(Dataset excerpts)
§
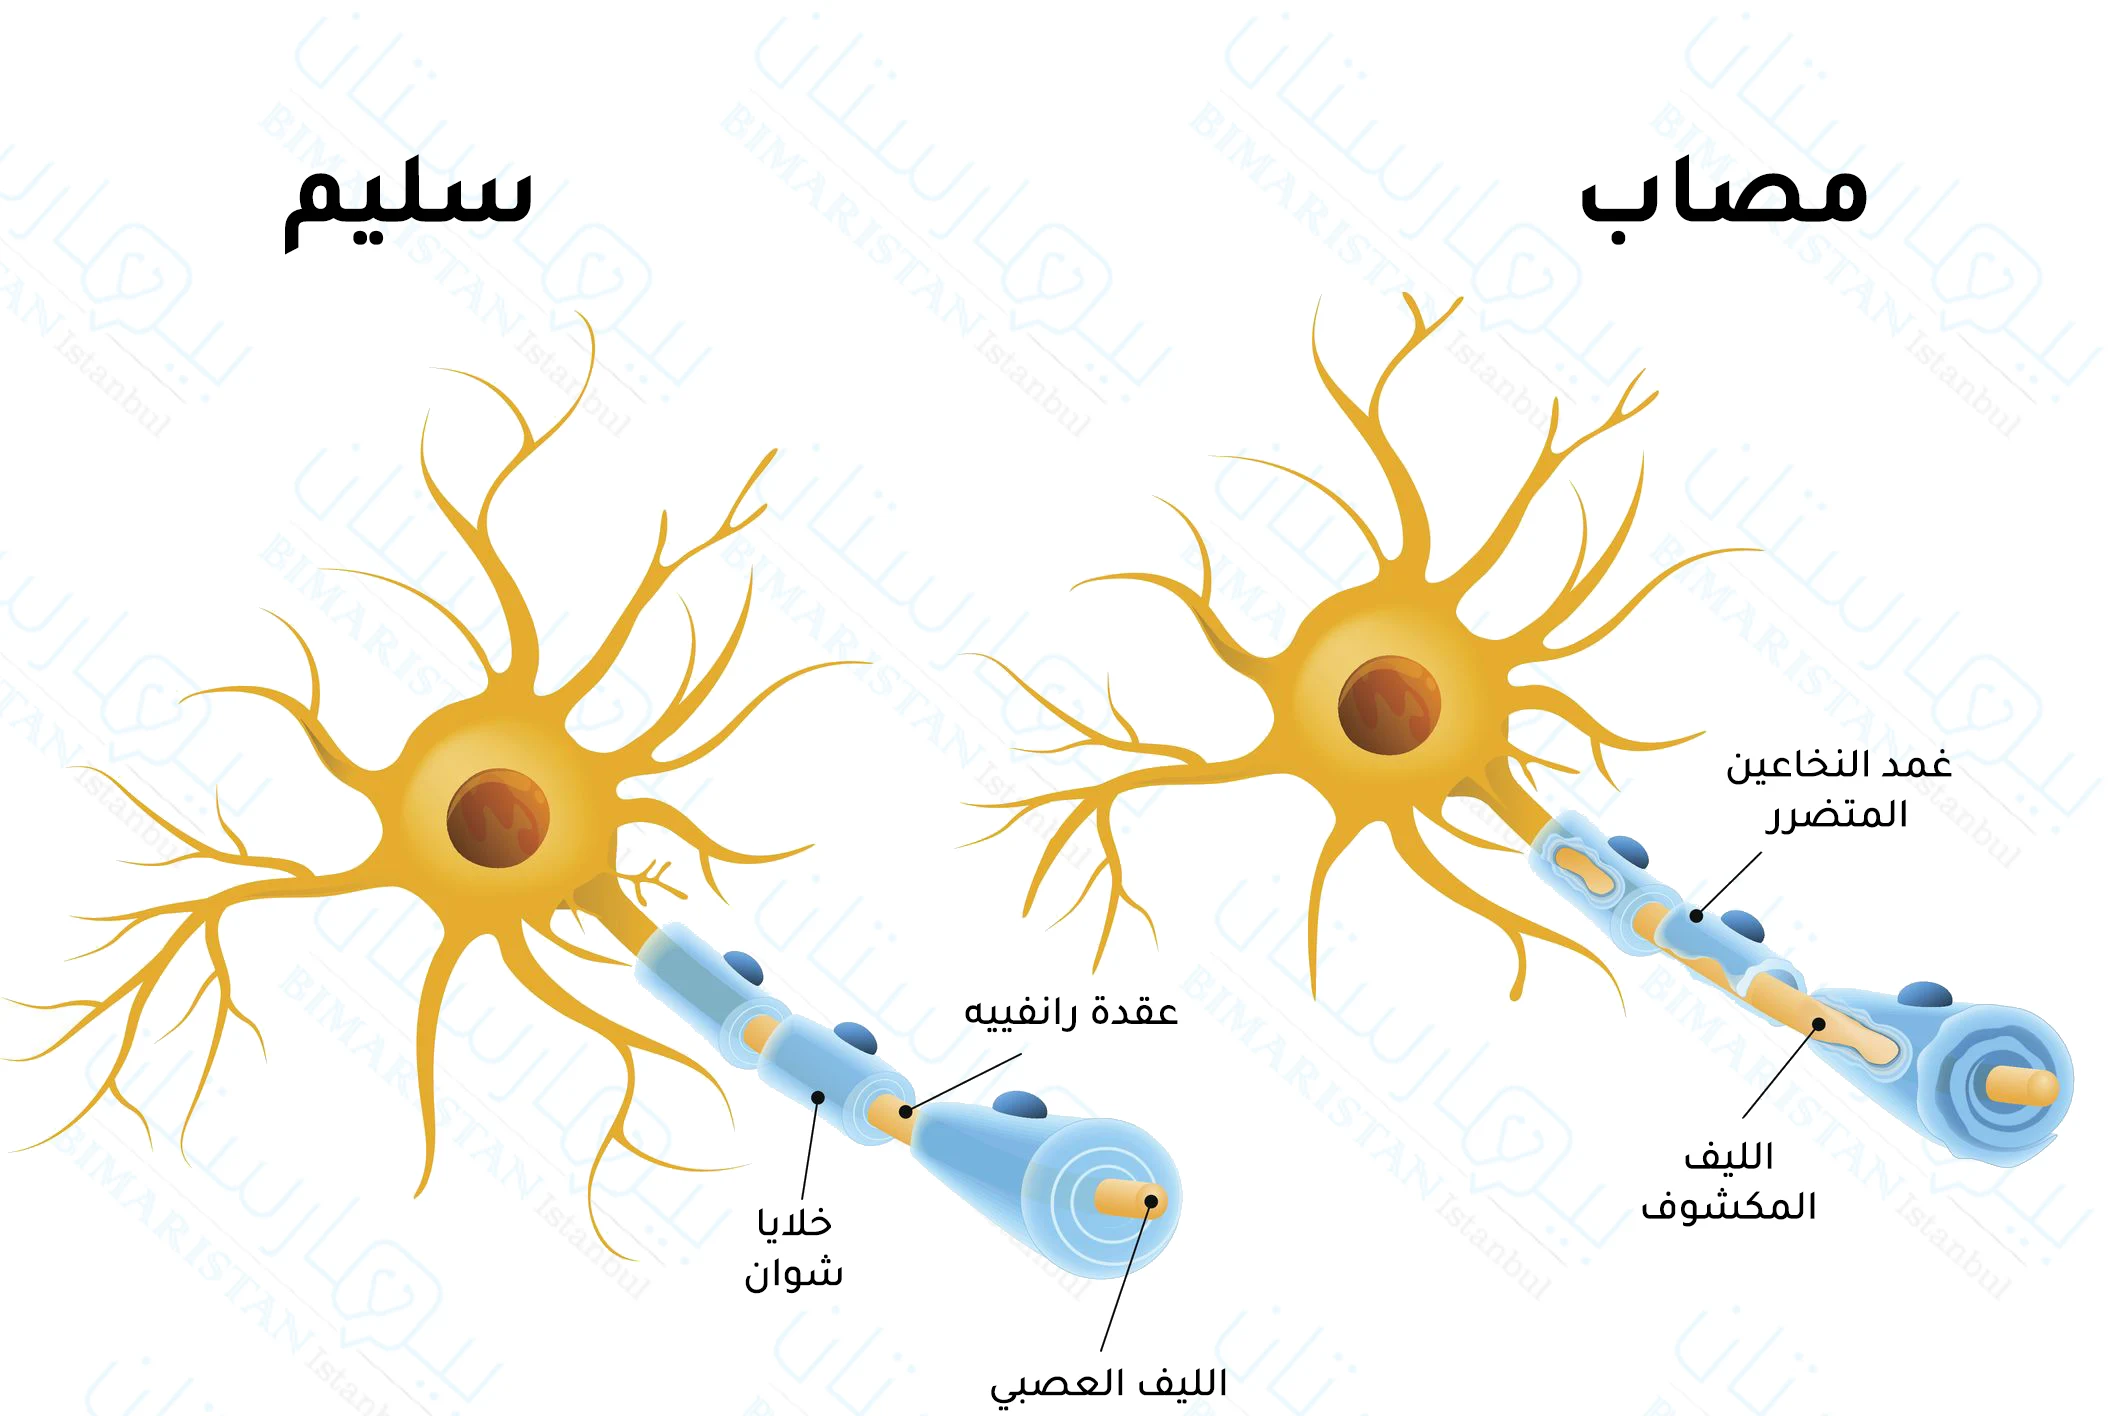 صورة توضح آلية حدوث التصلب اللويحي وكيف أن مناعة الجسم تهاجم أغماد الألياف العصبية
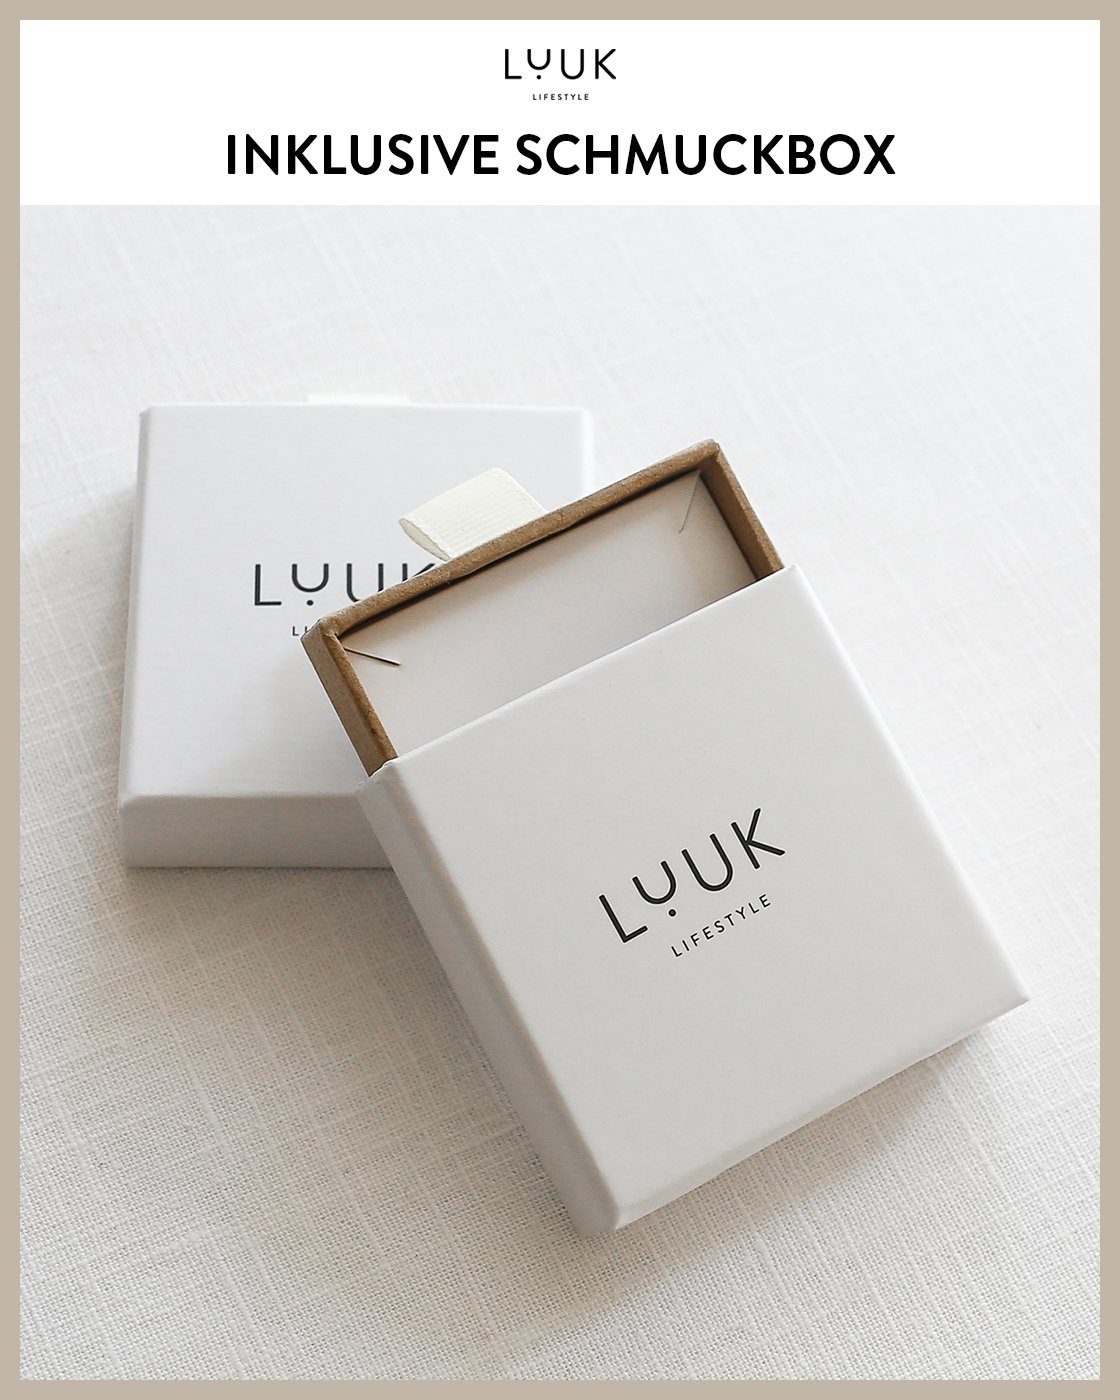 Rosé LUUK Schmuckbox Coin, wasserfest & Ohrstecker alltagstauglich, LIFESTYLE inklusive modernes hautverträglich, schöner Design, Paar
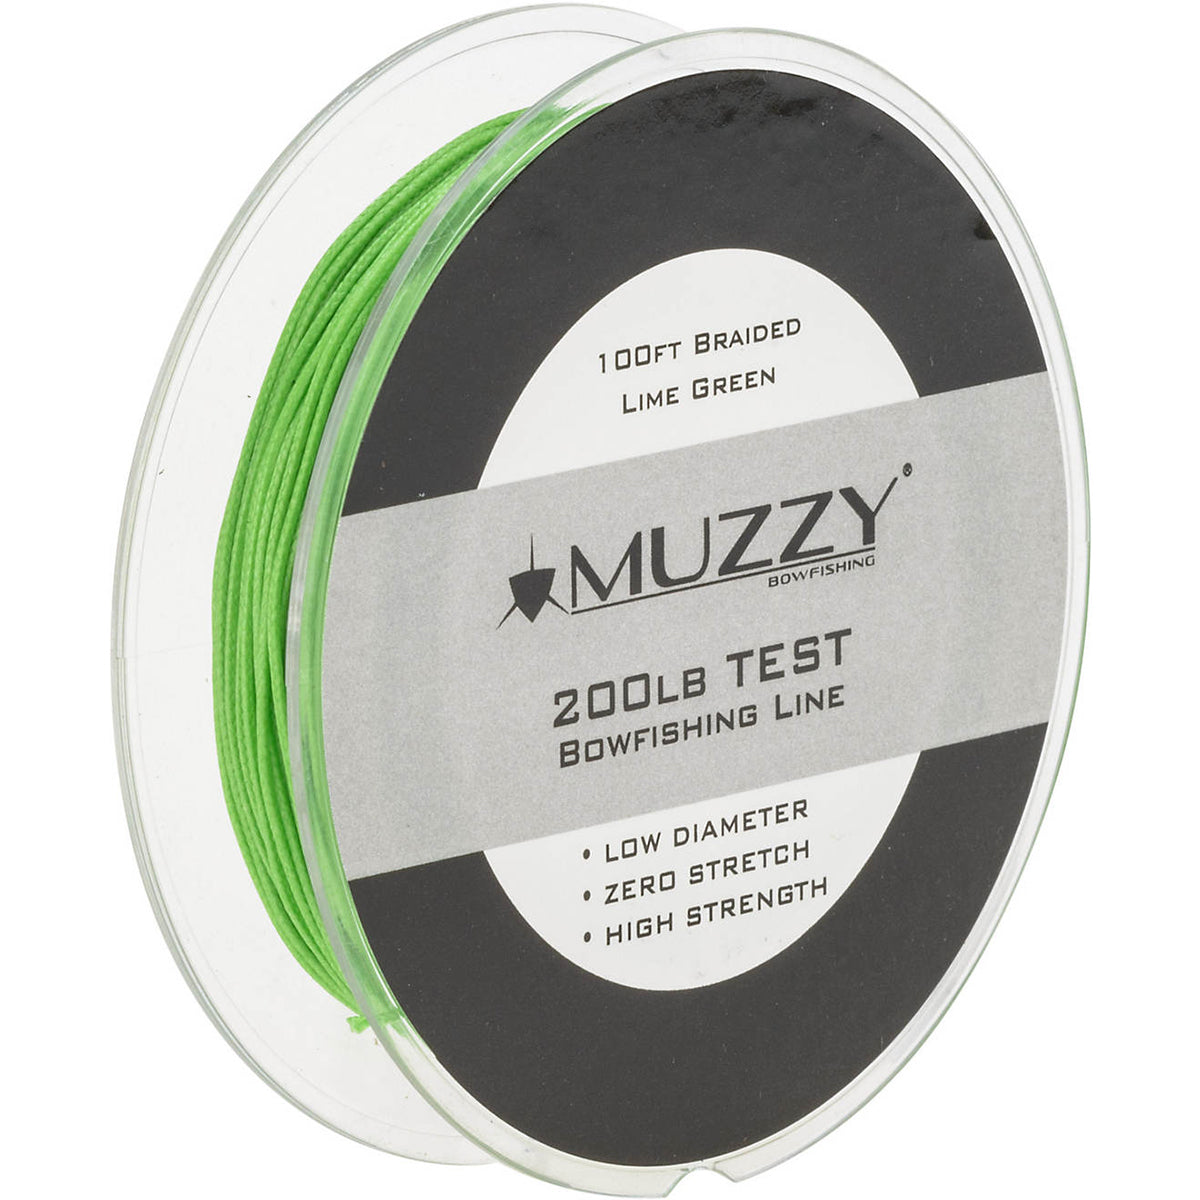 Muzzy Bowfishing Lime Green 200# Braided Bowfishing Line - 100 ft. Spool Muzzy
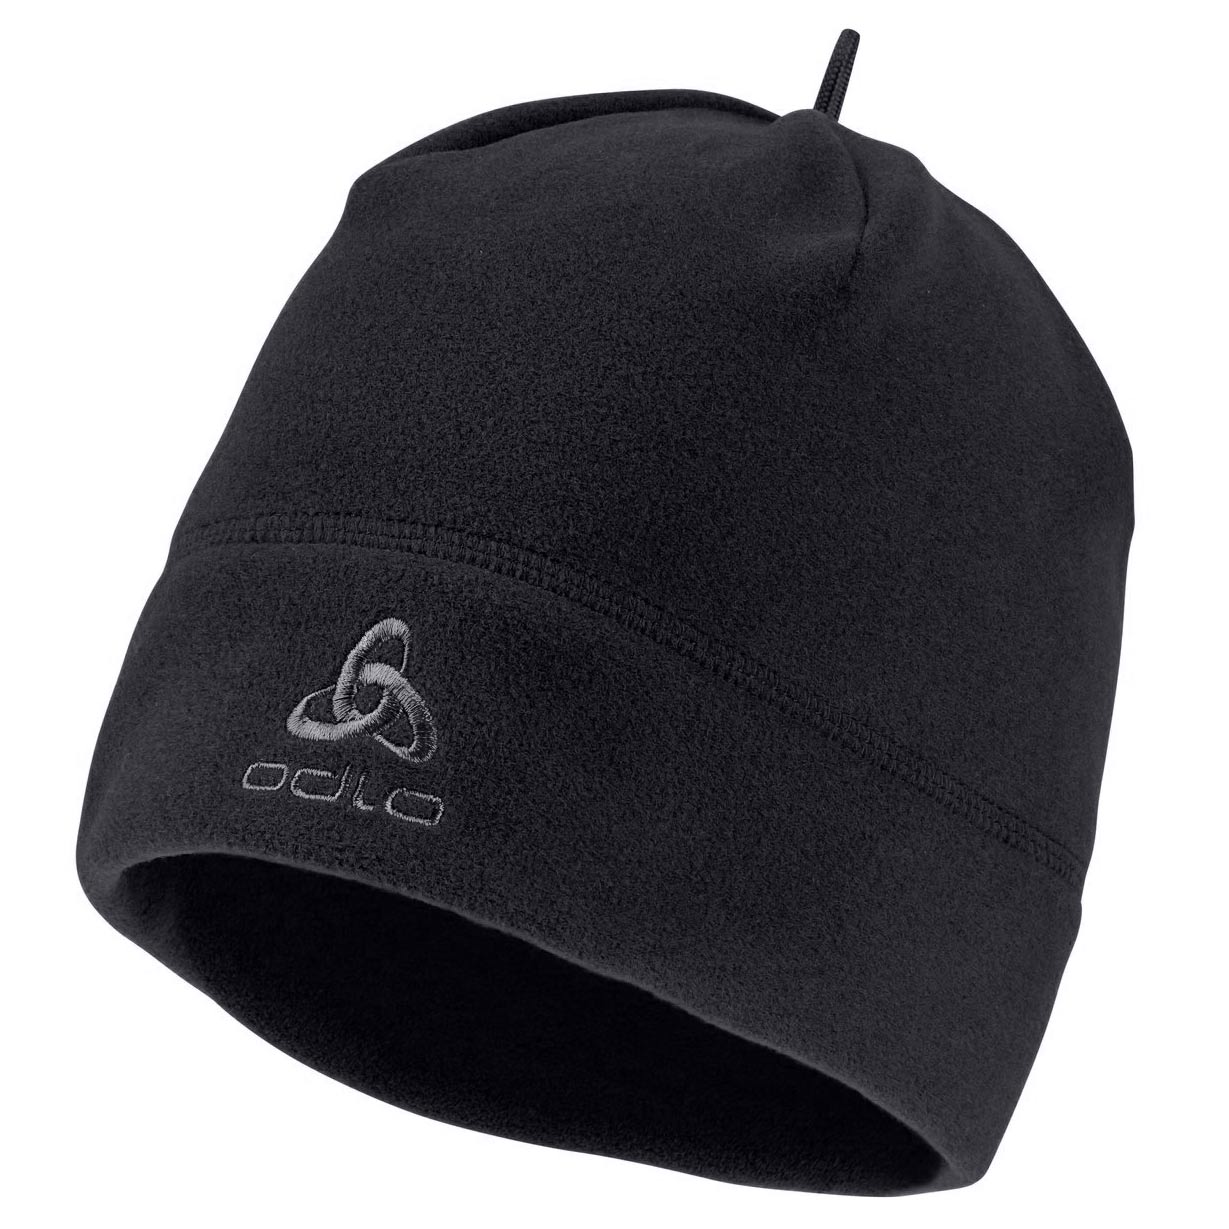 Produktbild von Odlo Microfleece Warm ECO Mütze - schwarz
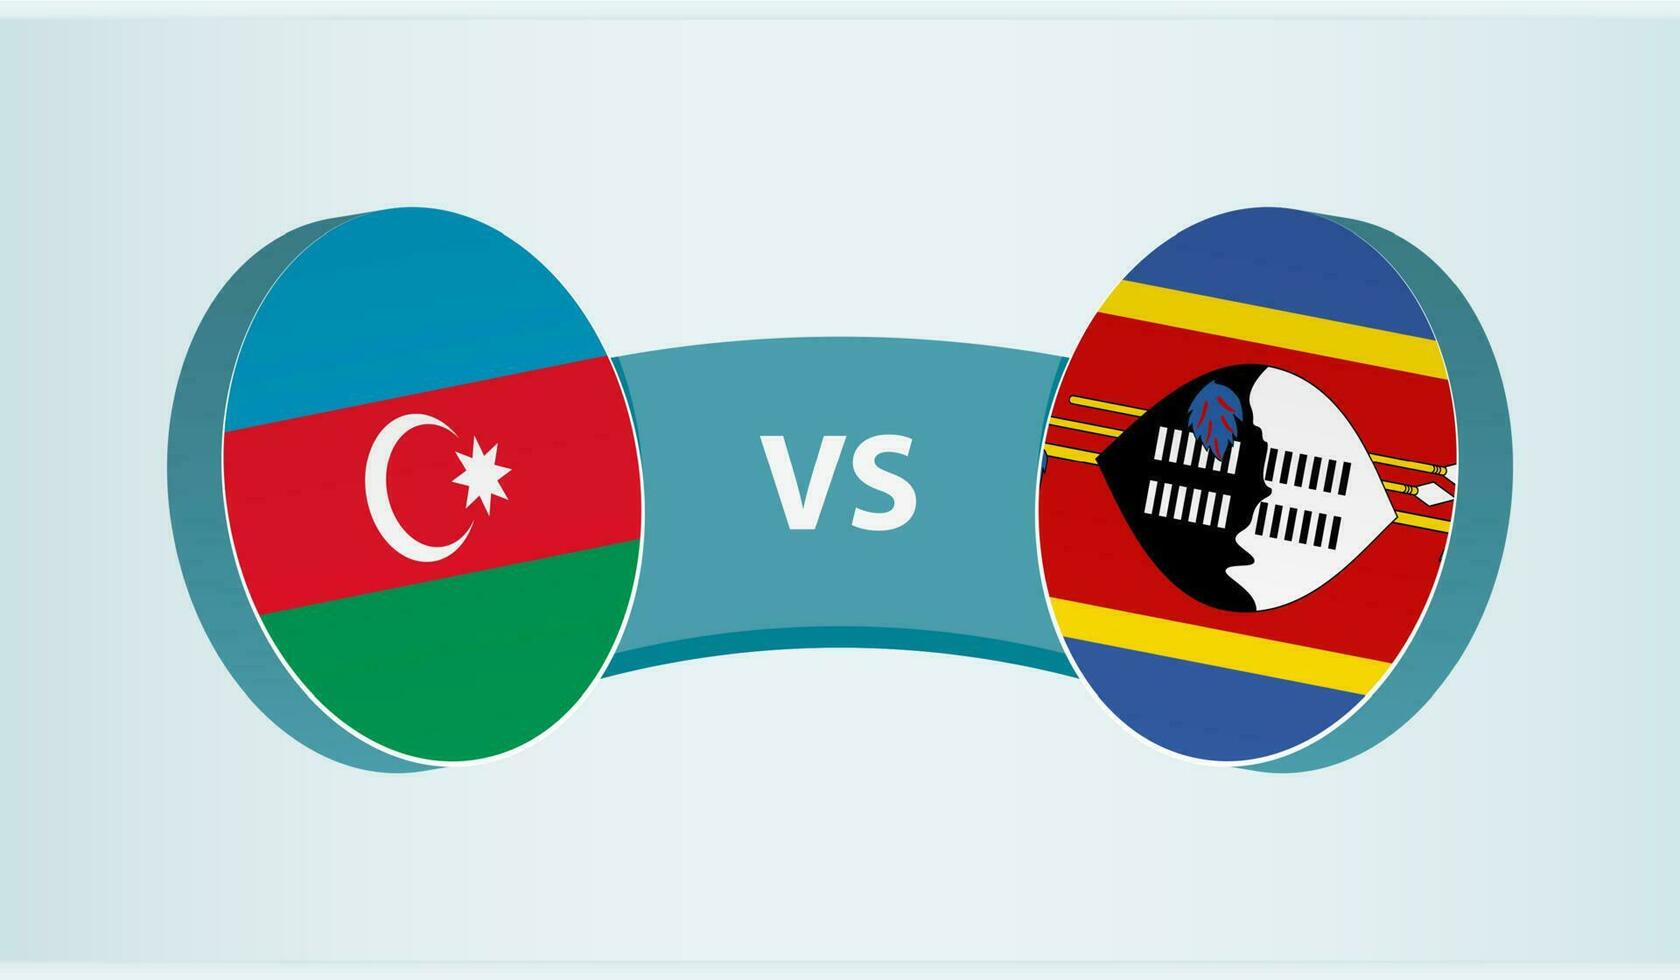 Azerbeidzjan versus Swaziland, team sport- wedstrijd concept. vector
§
• _Directions_: Pictures are not part of the copy; transcribe the rest of the data verbatim.

• _Finished exercise_:
 صورة توضح آلية حدوث التصلب اللويحي وكيف أن مناعة الجسم تهاجم أغماد الألياف العصبية
 Rosé LUUK Schmuckbox Coin, wasserfest & Ohrstecker alltagstauglich, LIFESTYLE inklusive modernes hautverträglich, schöner Design, Paar
 Muzzy Bowfishing Lime Green 200# Braided Bowfishing Line - 100 ft. Spool Muzzy
 Produktbild von Odlo Microfleece Warm ECO Mütze - schwarz
 Azerbeidzjan versus Swaziland, team sport- wedstrijd concept. vector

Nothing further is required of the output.